Task requirements: From the first line to the last, copy the material word for word; pictures stay out.
*** Source data ***
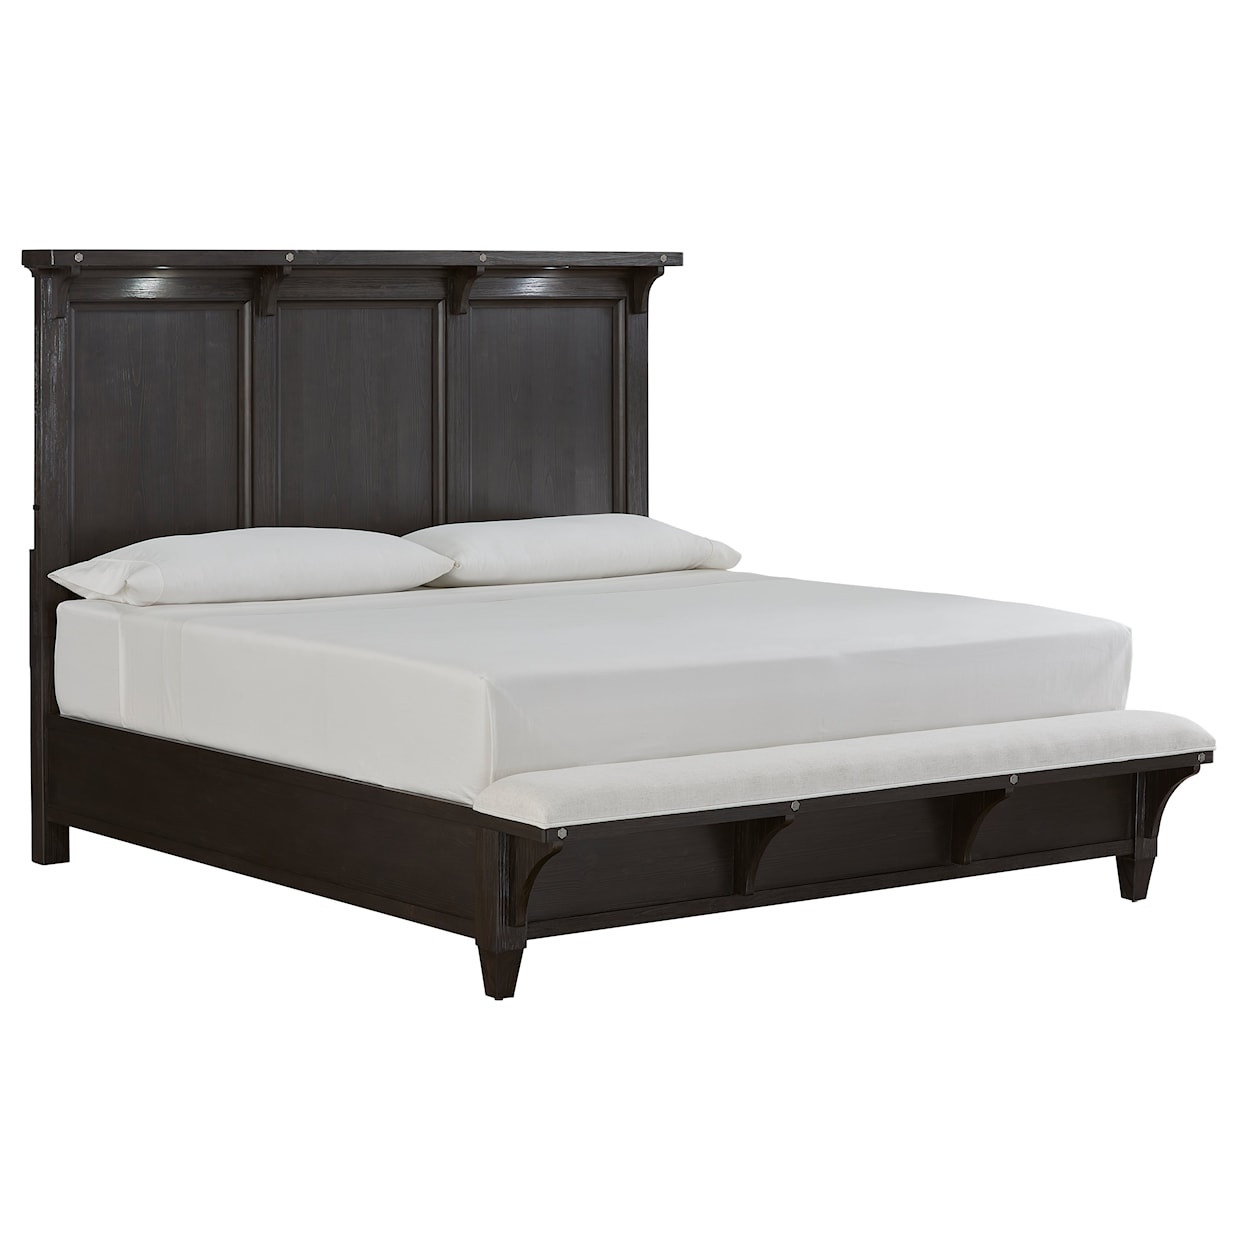 Magnussen Home Sierra Bedroom California King Lighted Panel Bed with Bench
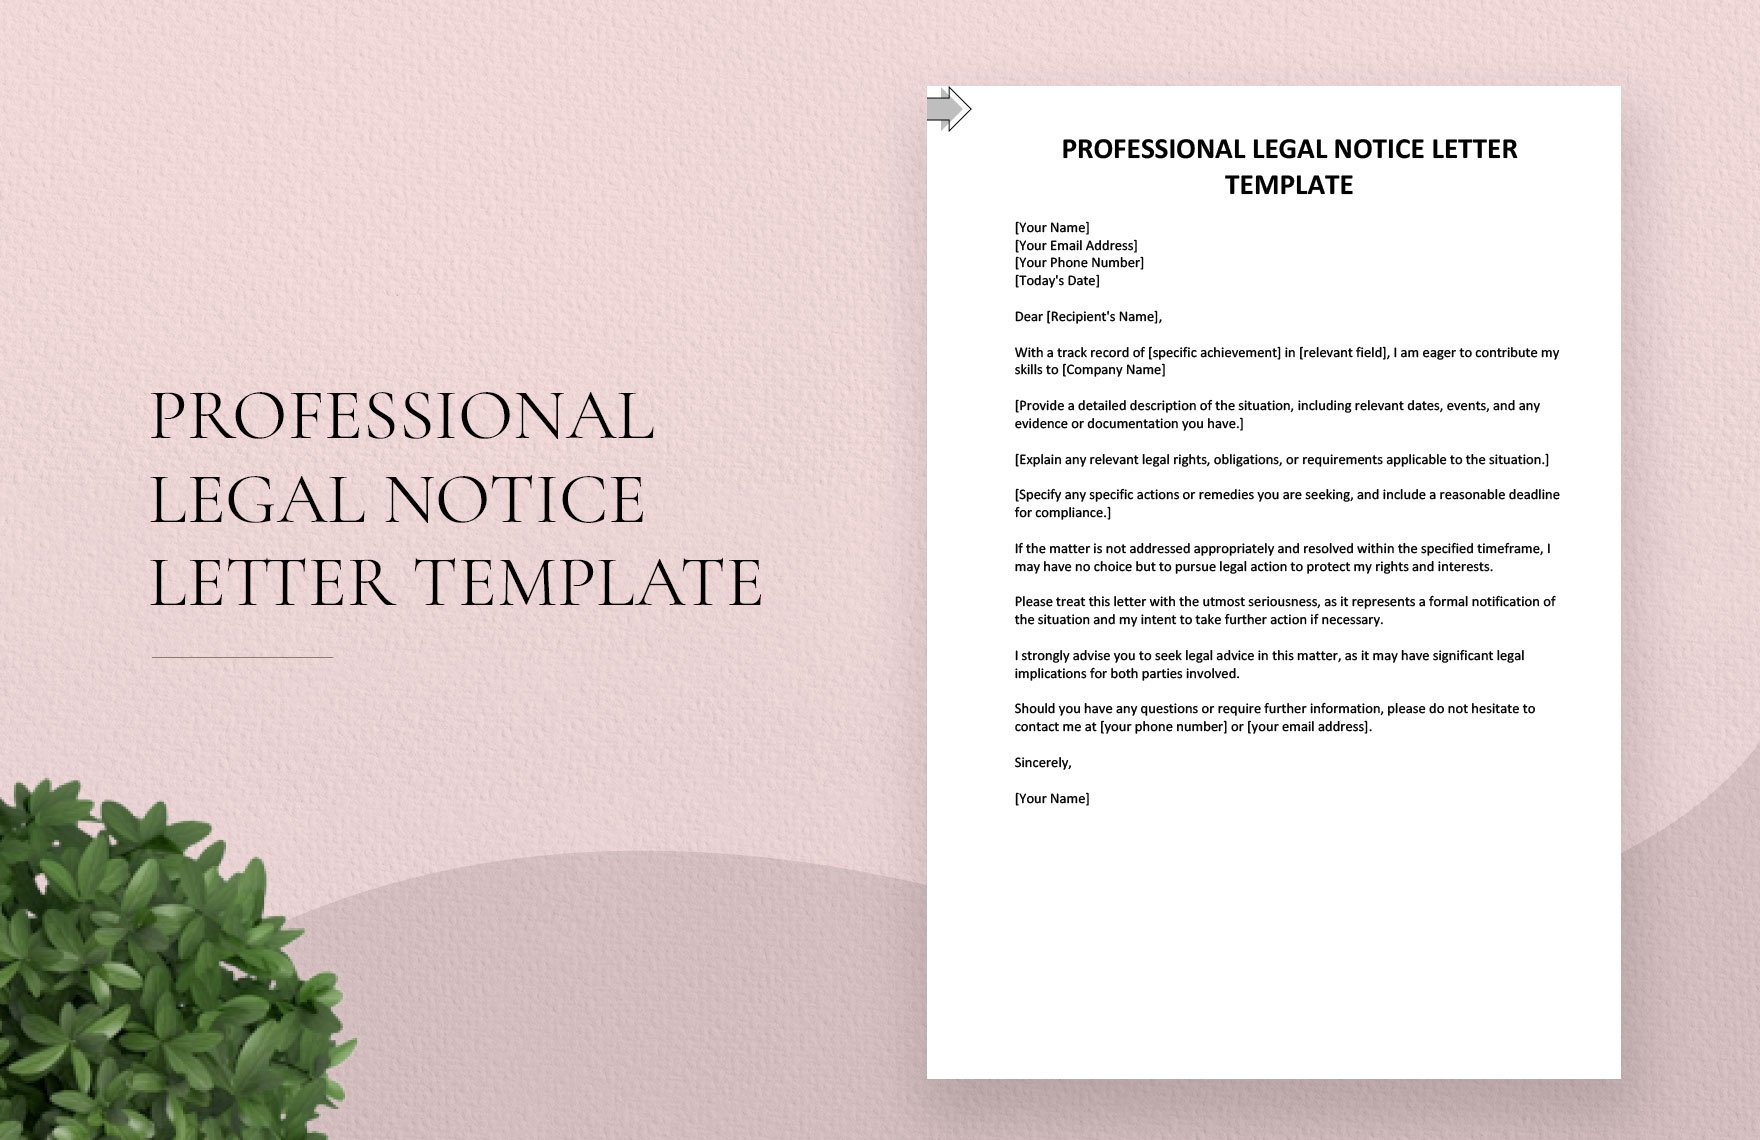 Free Professional Legal Notice Letter Template
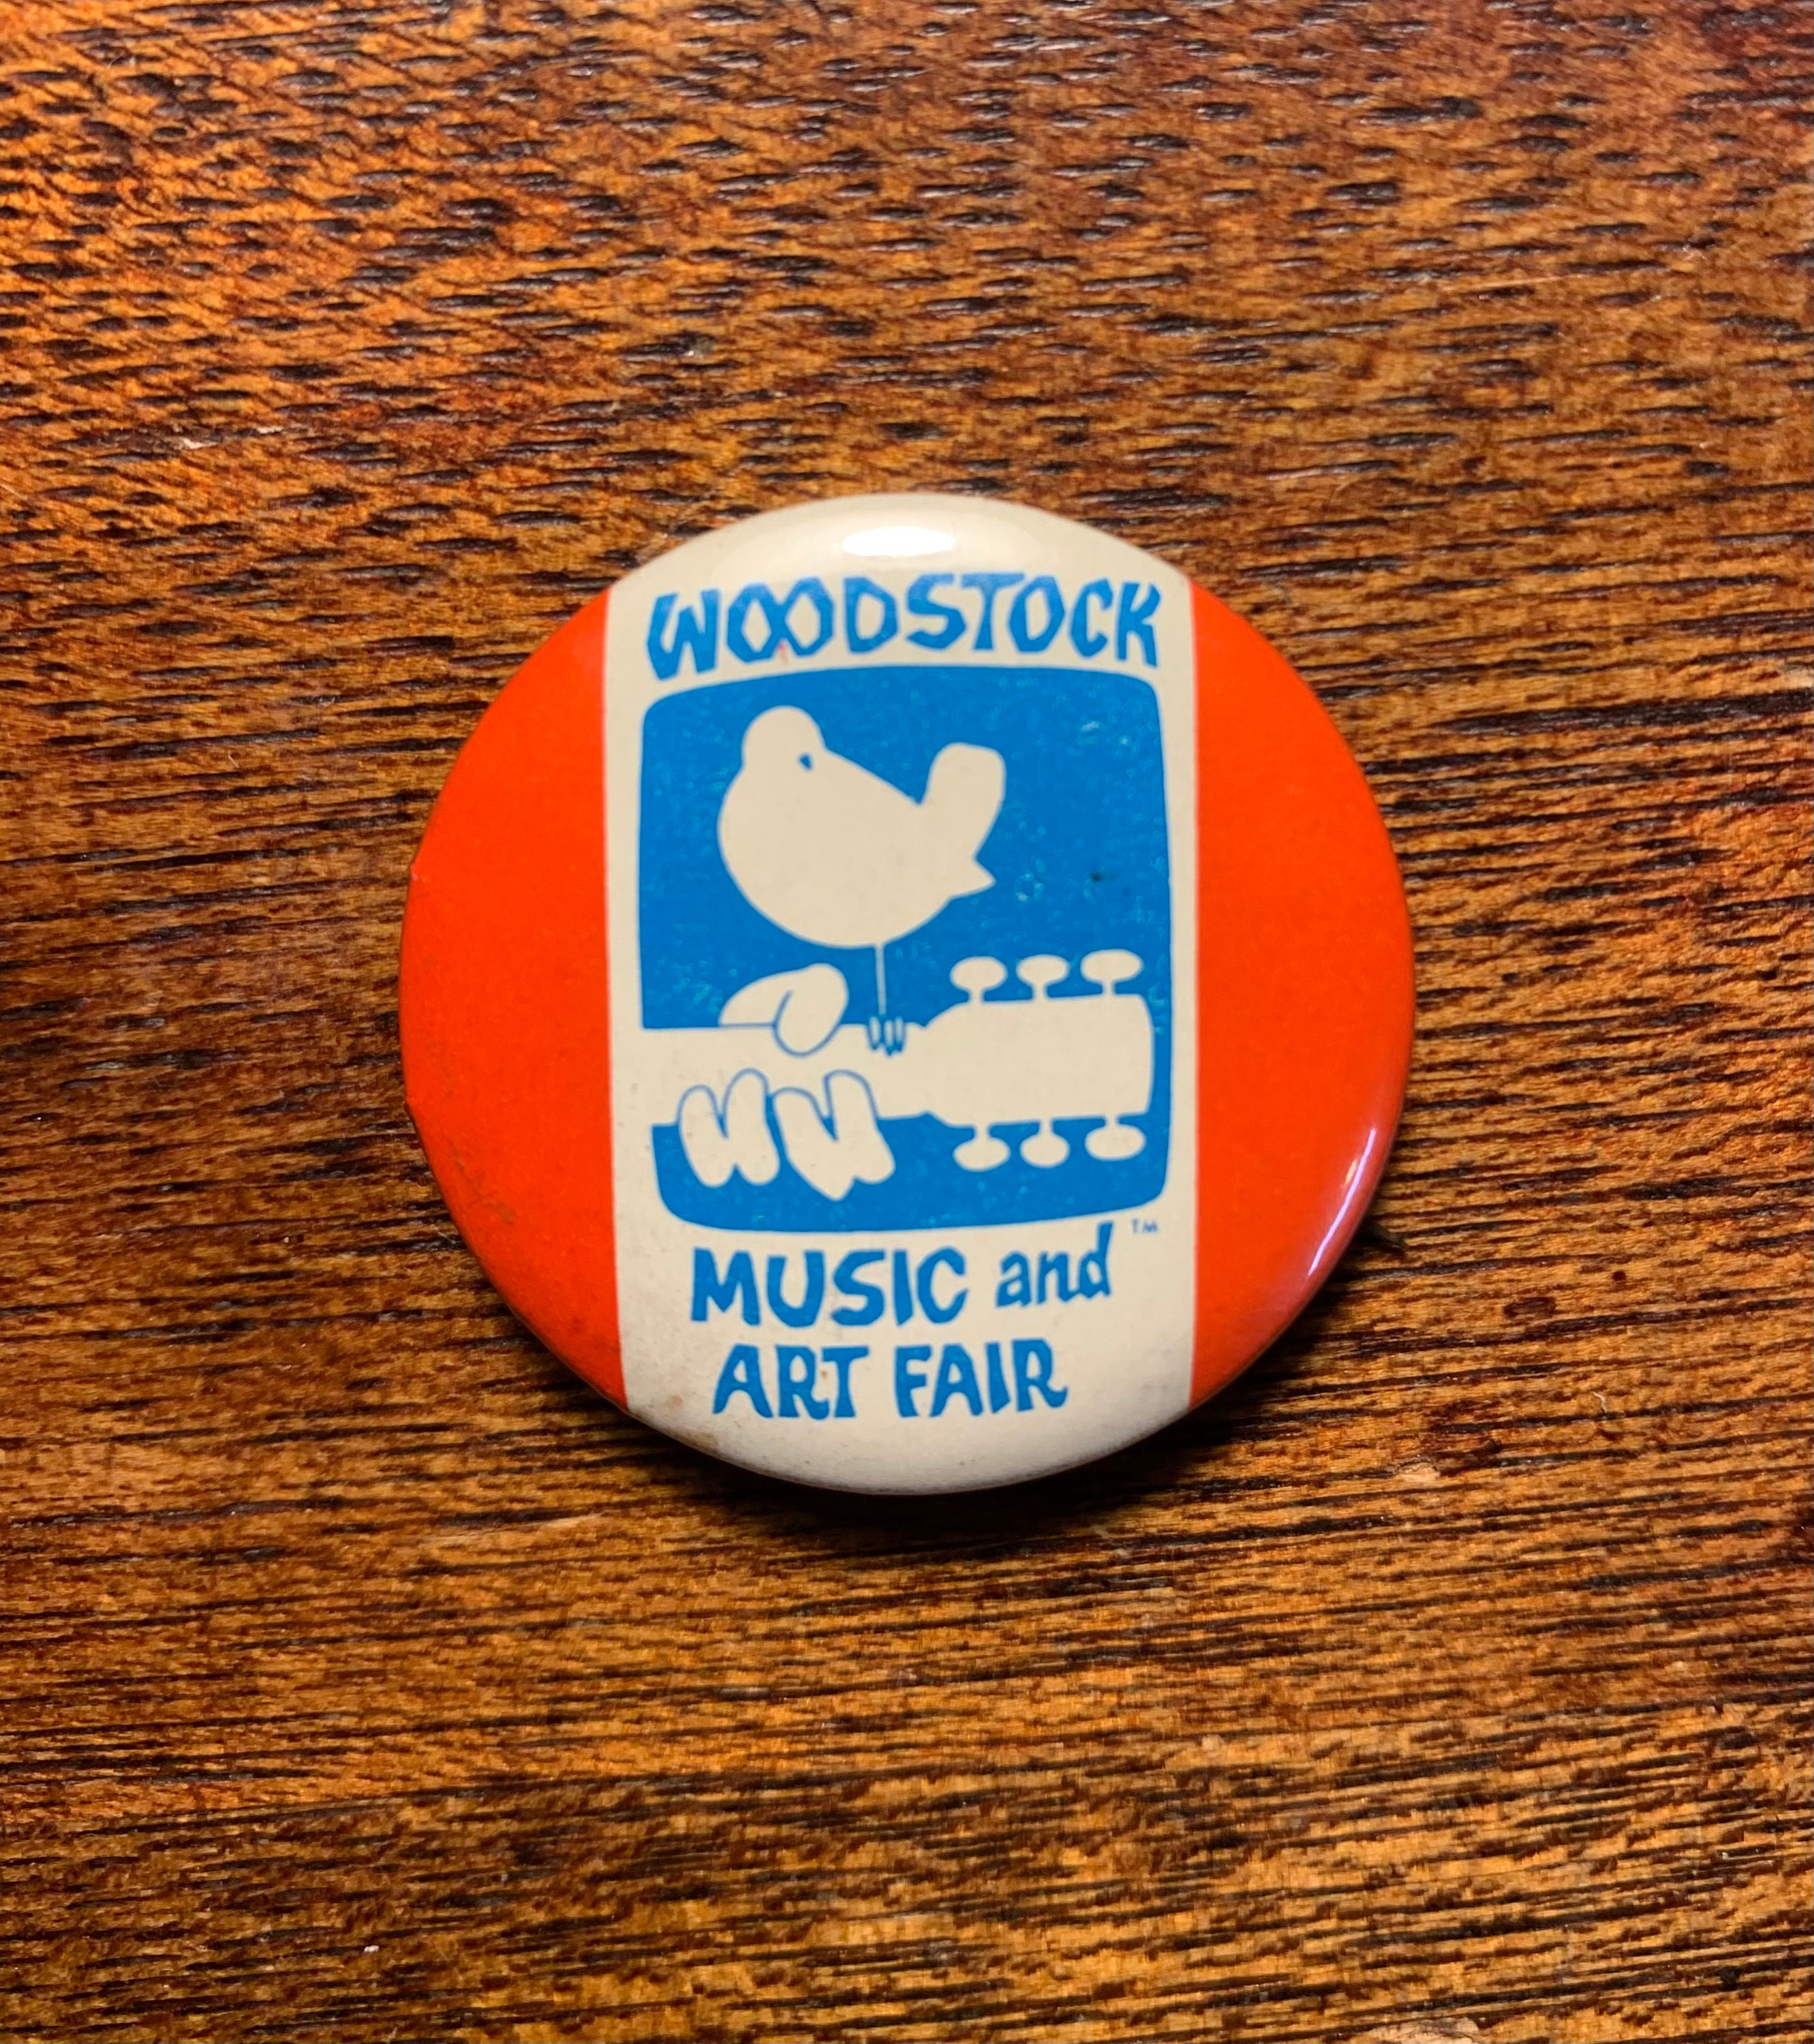 WOODSTOCK HIPPIES 7 pins 1" buttons badges new Pinbacks***
*** End of Source data ***
Response:
 Magnussen Home Sierra Bedroom California King Lighted Panel Bed with Bench
 Free Professional Legal Notice Letter Template
 WOODSTOCK HIPPIES 7 pins 1" buttons badges new Pinbacks***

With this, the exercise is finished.